FIXING THE STATUS. The aim of the Commission was to interview only a sufficient number to fix the economic status of all women wage-earners in the particular factory, store or establishment visited by the investigators. In some cases this necessitated interviewing a large percentage of the workers; in other cases, especially where the work was similar for all employed, and the nationality of the workers the same, or where the prevailing custom of the workers was to take all their wages home, a smaller percentage of interviews sufficed.

In 1910 Massachusetts had 445,301 women employed in gainful occupations; yet the reliable and valuable conclusions of the Minimum Wage Commission of that State, and in which it advises the creation of minimum wage boards, were based on wage and other schedules gathered from 6,900 persons and a certain amount of personal and domestic data from 4,672 others. This was the total number directly interrogated by the Massachusetts Commission, but from a federal report the wages and a limited amount of information as to present and domestic conditions was learned from 8,378 women cotton operatives, including domestic data from 438 families. Altogether the Massachusetts information was gathered from four different occupations in 18 localities and 118 establishments.

ADEQUACY OF THESE SOURCES OF INFORMATION. In 1910, there were, according to the U. S. census report of that year, 186,183 women engaged in gainful occupations in Michigan. This was an increase of 59,660 over the census figures of 1900. There is evidence that a proportionate gain has been made since 1910, so that it is presumable that approximately 225,000 women in Michigan are today employed in gainful occupations, and earning their own living in whole or in part.

of the 186,183 women in Michigan in 1910 working for a living, 10,467 were engaged in agriculture, forestry and animal husbandry; 61,958 were in domestic and personal service; 28,815 were engaged professionally; 34,567 followed trade and clerical occupations; 40,011 were absorbed in the manufacturing and mechanical industries. To this latter division the major part of the attention of the ('ommission has been given, for here, if anywhere, would the necessity for a minimum wage be most apt to be found.

At first glance it might seem presumptuous to conclude that the number reached by the Commission, compared to the number of wage-earning women in the State, could settle the social status and economic condition of the entire body of wage-earning women. The Commission has not attempted to investigate all industries. The endeavor has been to select a few occupations, in the belief that the conditions thus disclosed would show the general conditions. Beside, there was not the time to cover the entire industrial field. And the expense would have been much greater than any State has thus far thought advisable in this direction.
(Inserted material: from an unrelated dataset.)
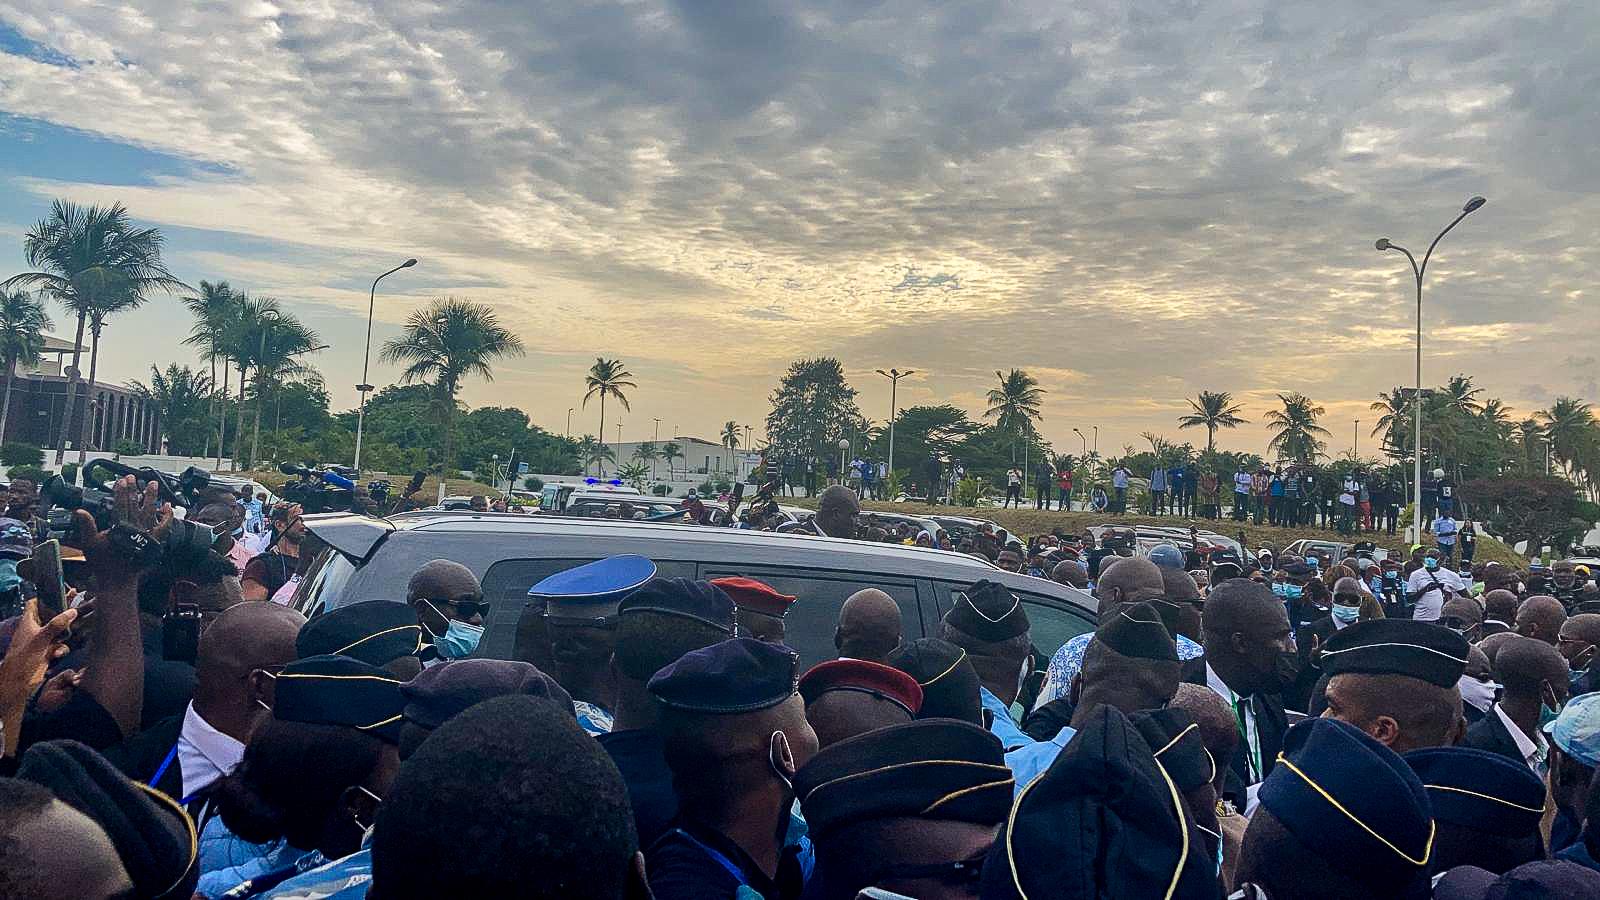 La voture dans laquelle Laurent Gbagbo a pris place, entourée par les partisans de l'ancien président ivoirien, à l'aéroport d'Abidjan le 17 juin 2021.

Women's labor, like other labor, is in considerable measure mobile. Women are continually passing from poorly paid to better paid, or at least to more agreeable, occupations. They change from occupation to occupation, from factory to factory; from machine work to hand work, and back again to machine work of the same or a different character; from the store to the factory, and back again to the store; from housework to factory and vice versa. Factories and stores are continually being depleted, by marriage, of the more experienced help, though eventually a considerable percentage of these again find employment, driven to it through misfortune, or bad judgment in contracting marital relations, or from the pressure of living expenses on the wages of the husband. Thus interrogating a comparatively few, if these few were carefully selected, will tend to show the social and economic status of most, if not all.
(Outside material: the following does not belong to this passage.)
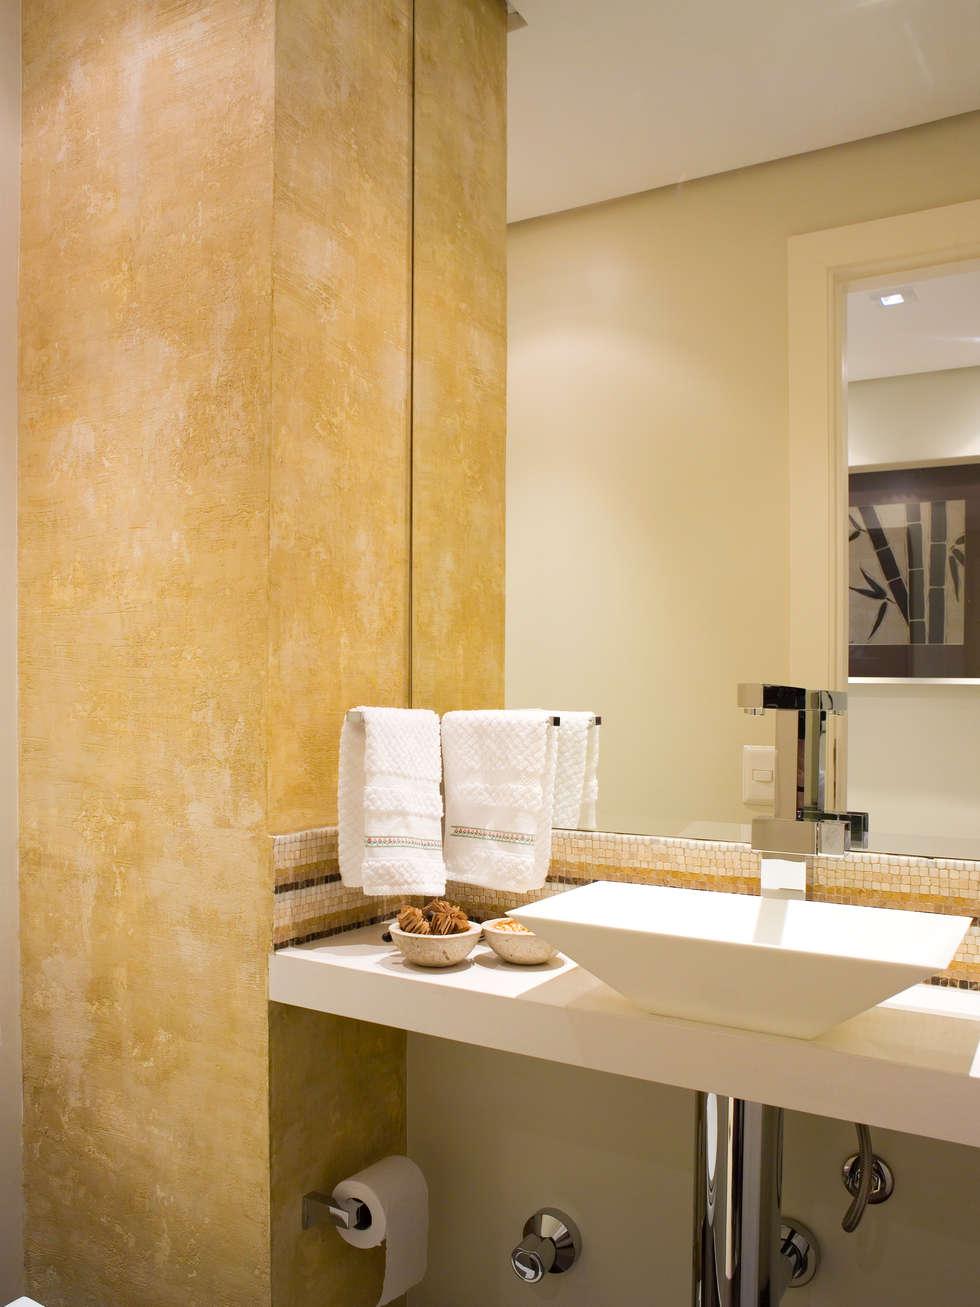 lavabo: Banheiros clássicos por Flávia Brandão - arquitetura, interiores e obras

CUSTOM AND A LIVING WAGE. There can always be found in any industry of any considerable size, two classes of employers. There is the fair-minded composing the larger class, who “want to do the fair thing" both by employes and the public. There is the other and smaller class whose members have no hesitation in making the hardest possible bargains with employes. With them the wage is not regulated by value received. It is fixed by supply and demand plus the ability of the employer to obtain the services of women below both a living wage and a fair wage. And, in a strictly competitive market, the fair-minded employer sometimes feels compelled to follow the lead, in wages paid, of the hard-minded who continually "bear” the labor market and never mix humanity with their dealings with women employes.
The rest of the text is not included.